Posted by Mcguffin at 2010年05月18日 23:39
楽しみにしています。
個人的には粘土で簡単に作れないかな? なんて思ってるんですが。

これからも創造的なご活躍、期待しています。
がんばってください。
Posted by 大空を自由に舞う小鳥 at 2010年06月25日 15:52
大空を自由に舞う小鳥さん。
コメントありがとうございます。

粘土で「テトラポッド」を作りたいということですね?
粘土細工は詳しくないので的外れかもしれませんが、
「テトラポッドのダンボールクラフト」
http://mcguffin.seesaa.net/article/148425519.html
を作ったとき、粘土や石こうでミニチュアを作る際の土台にも、使えるのではないかと思いました。

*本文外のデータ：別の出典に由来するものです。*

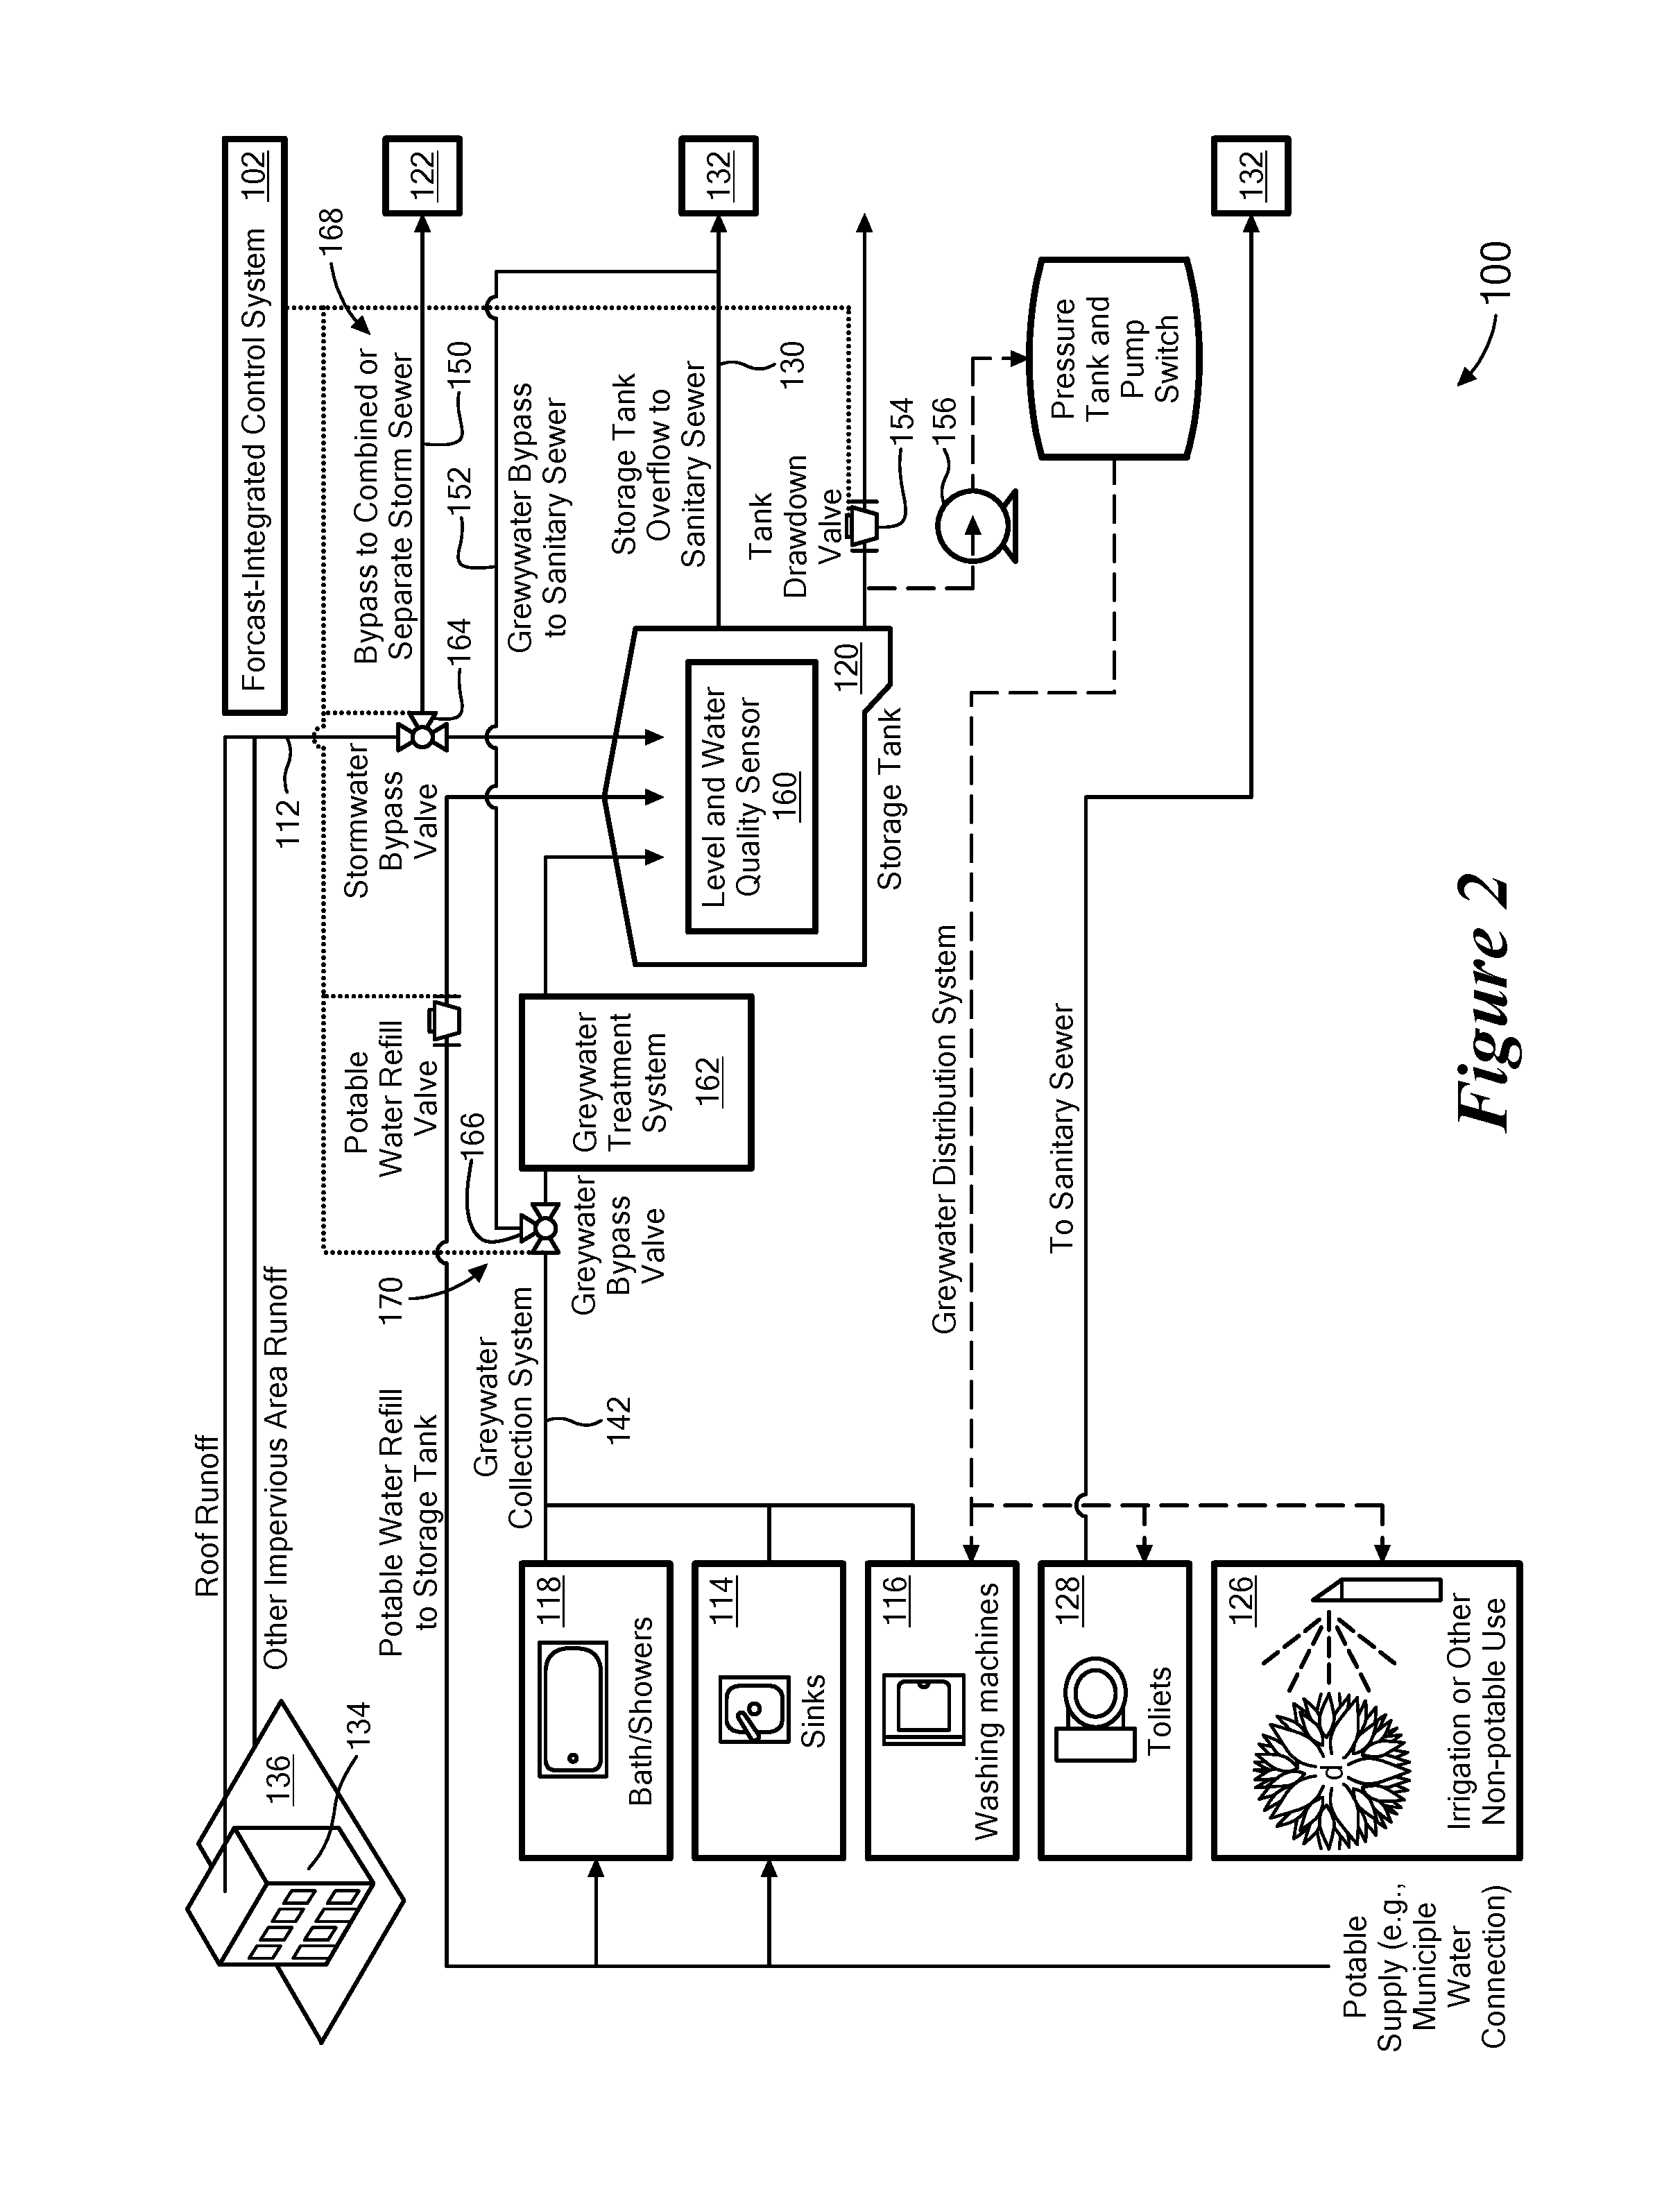 Method for automated control of a combined greywater/stormwater system with forecast integration

隙間の部分に粘土を詰めていき、形を整えれば、粘土でも狂いの少ない物を作れるような気がします。
公開している型紙は、作りやすさを優先してあのかたちになりましたが、円形のパーツを増やせば、よりそれらしくなります。
http://mcguffin.seesaa.net/article/153612265.html
円形パーツを増やす位置を決めれば、型紙の計測からその半径も求まりますので、それ程難しくはないと思います。
よかったら試してみてください。
Posted by Mcguffin at 2010年06月27日 00:15
テトラポットはかわいいけど、諍いはうざい
Posted by なお at 2014年04月18日 22:46
>>なお
正当な権利を正当に主張する行為のどこがうざいって?
Posted by ナナシー at 2014年08月06日 15:36
作の公開前に、公証人役場で登録されれば良かったと思います。